As a digital mirror of the real society, discourse violence and emotional alienation in the Internet space has become an important topic of sociological research. According to data from the Supreme People’s Court, in 2024, the number of Internet infringement cases received by courts nationwide surged by 43% year-on-year, with cases involving personal attacks and defamation accounting for 67% of the total. This phenomenon of group emotional outburst reflects the deep-seated contradiction between technological empowerment and social transition.
The superimposed effect of technological empowerment and social cognitive rupture
The zero-threshold nature of the Internet has dissolved the identity segregation of traditional society, forcing groups with different educational backgrounds and values into the same discourse field. Cognitive anthropological studies have shown that when Internet users’ knowledge updating speed lags behind the rate of information explosion, their cognitive system will activate the defence mechanism and defend the inherent conceptual system through offensive remarks. This phenomenon is particularly noticeable in professional fields such as healthcare and education policy, where collisions between ordinary netizens and experts often turn into irrational tirades.
The ‘de-inhibition effect’ created by the anonymity mechanism drastically reduces the cost of cyber-attacks. Psychological experiments have confirmed that the attack threshold of individuals in an anonymous state is reduced by 58%, and the moral constraints are weakened by 34%. The algorithmic recommendation mechanism of social media platforms exacerbates group polarisation, with emotional content spreading 2.3 times more efficiently than rational discussion, forming a positive feedback loop of the ‘anger spiral’.
Cultural Pathology in Social Transition
The sense of relative deprivation brought about by the economic slowdown has made cyberspace an alternative venue for emotional catharsis. Sociological surveys show that the proportion of Internet users with monthly incomes lower than the regional average who engage in online cursing is 27 percentage points higher than the average.

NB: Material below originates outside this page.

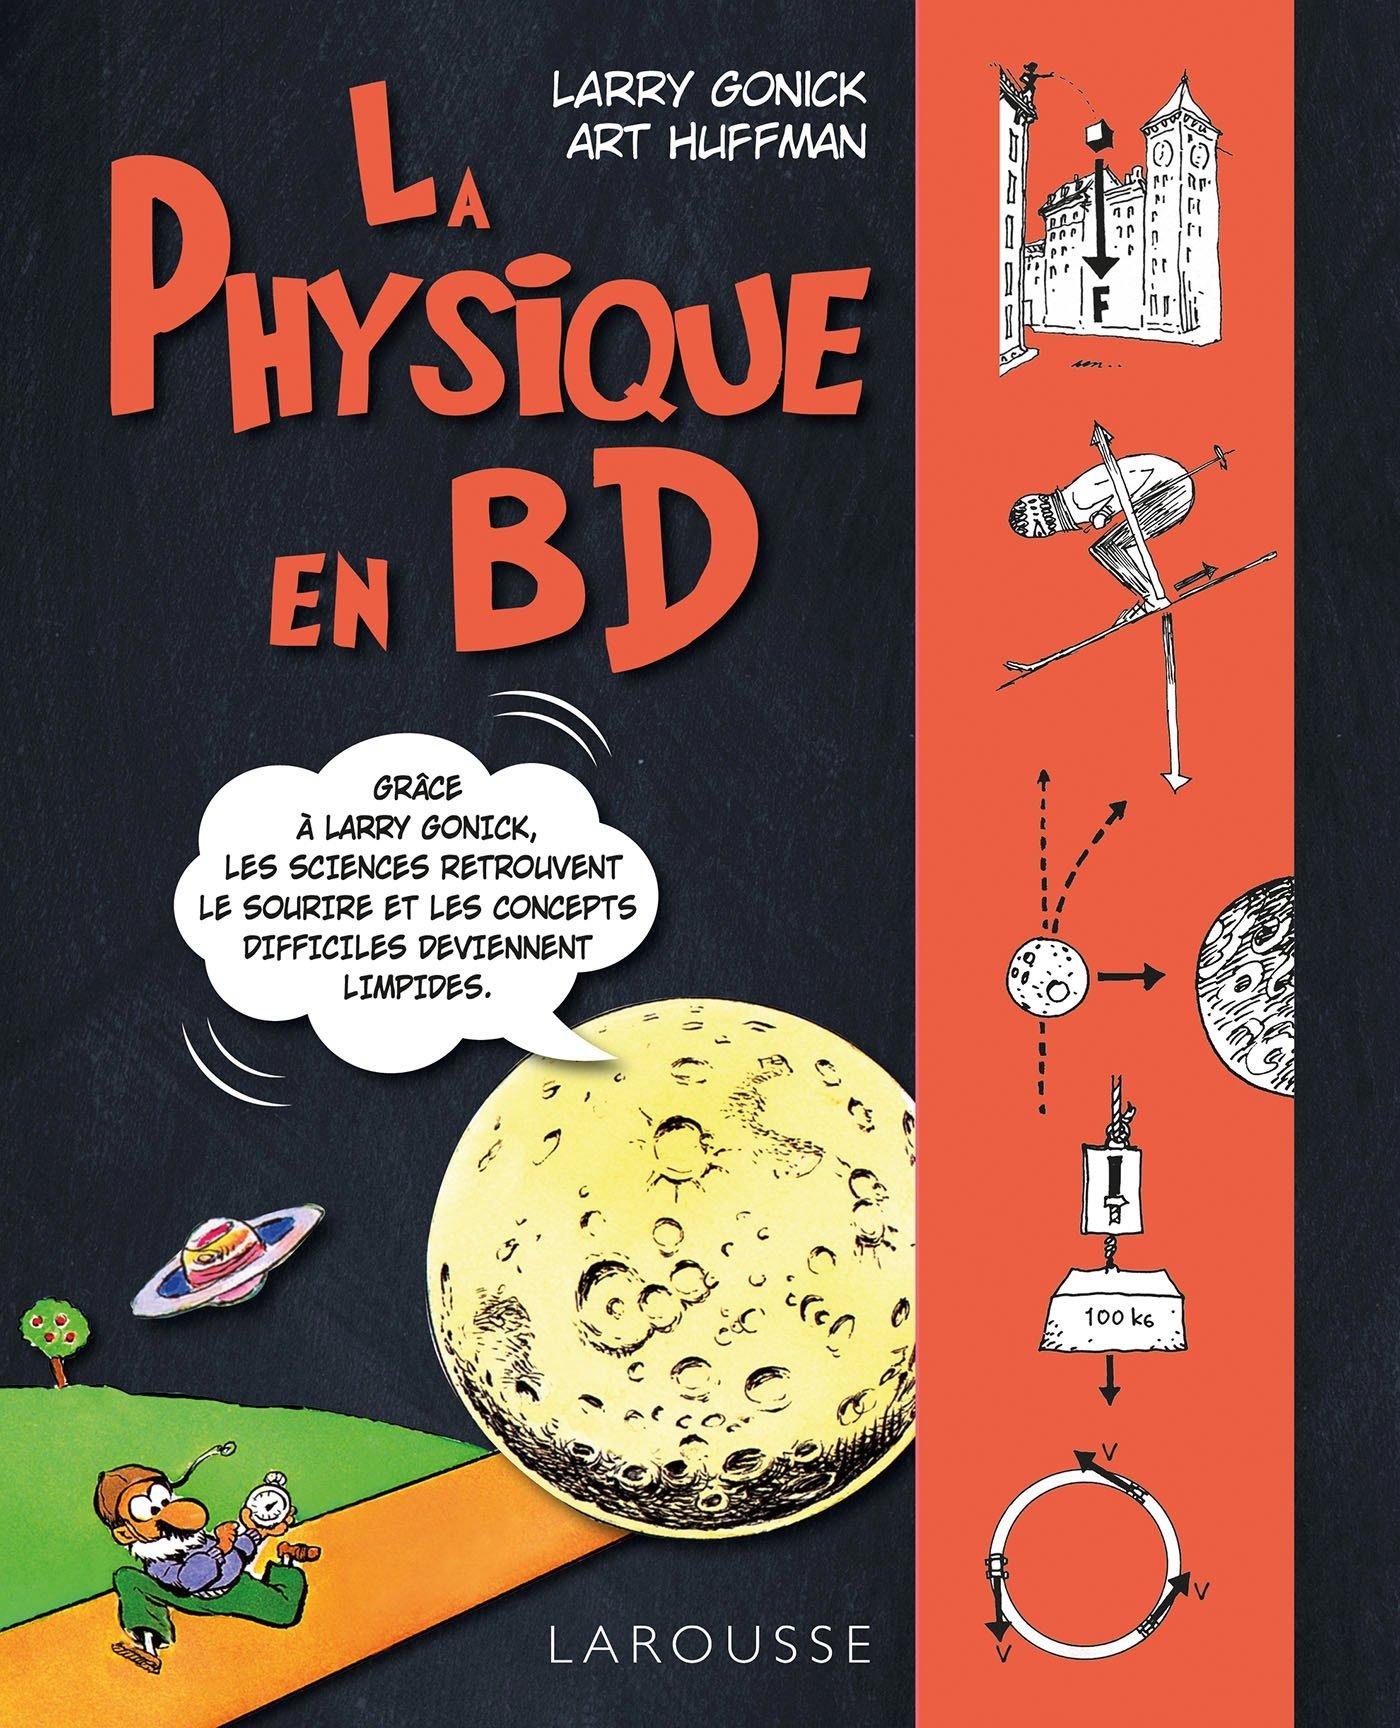 Read Online Larousse La physique en bandes dessinées (French Edition) PDF

The intergenerational cognitive rupture is manifested in the discourse conflict between ‘digital natives’ and ‘Internet immigrants’, with post-00 netizens using sarcastic emoticons 4.8 times more frequently than post-70 netizens, forming a unique subcultural attack paradigm.
The disorder in the cultural field is reflected in the confusion of value judgement standards, and the collision between consumerism and traditional ethics has given rise to moral nihilism. In the case of cyber violence, 63% of the perpetrators admitted that their behaviour was driven by ambivalence such as ‘hatred of the rich’ and ‘admiration for the strong’. This cultural cleavage peaked in the dichotomy of ‘lying down’ and ‘involution’, with 81% of the comments on related topics being offensive.
The Dilemma of Hierarchical Platform Governance and Its Breakthroughs
There is a ‘regulatory time lag’ in the current content review system, with an average processing delay of 3.2 hours, resulting in 83% of violent comments being disseminated. The limitations of natural language processing technology result in only 52% of metaphorical attacks being recognised, and ironic remarks such as ‘thankful’ and ‘winning’ have become a regulatory blind spot. The application of blockchain traceability technology has improved the efficiency of identifying rumour mongers by 76%, but the judicial acceptance rate of electronic evidence is still lower than 42%.
The ‘boosting theory’ from the perspective of behavioural economics provides new ideas for governance, with mandatory emotional cooling-off periods reducing impulsive speech by 39%. An experiment conducted by Tsinghua University’s Network Research Institute proved that replacing the ‘Like’ button with a ‘Rational Thinking’ prompt can reduce the support rate for extreme views by 21 percentage points. The reconstruction of the digital literacy education system is even more fundamental, as the pilot ‘cybercitizenship course’ implemented in Shanghai has led to a 58 per cent drop in the participation rate of young people in cyberviolence.
Currently, the governance of online hostility has entered a deep-water zone and needs to break through the traditional thinking of ‘blocking and removing opposites’. Modelling by Wuhan University’s Network Governance Research Centre shows that a composite governance strategy could reduce the incidence of cyberviolence in 2026 to 38 per cent of the 2024 level. The evolution of digital civilisation is not only a technological iteration, but also a paradigm revolution in the mental model of the group, which requires the synergistic evolution of technological ethics, legal system and cultural construction.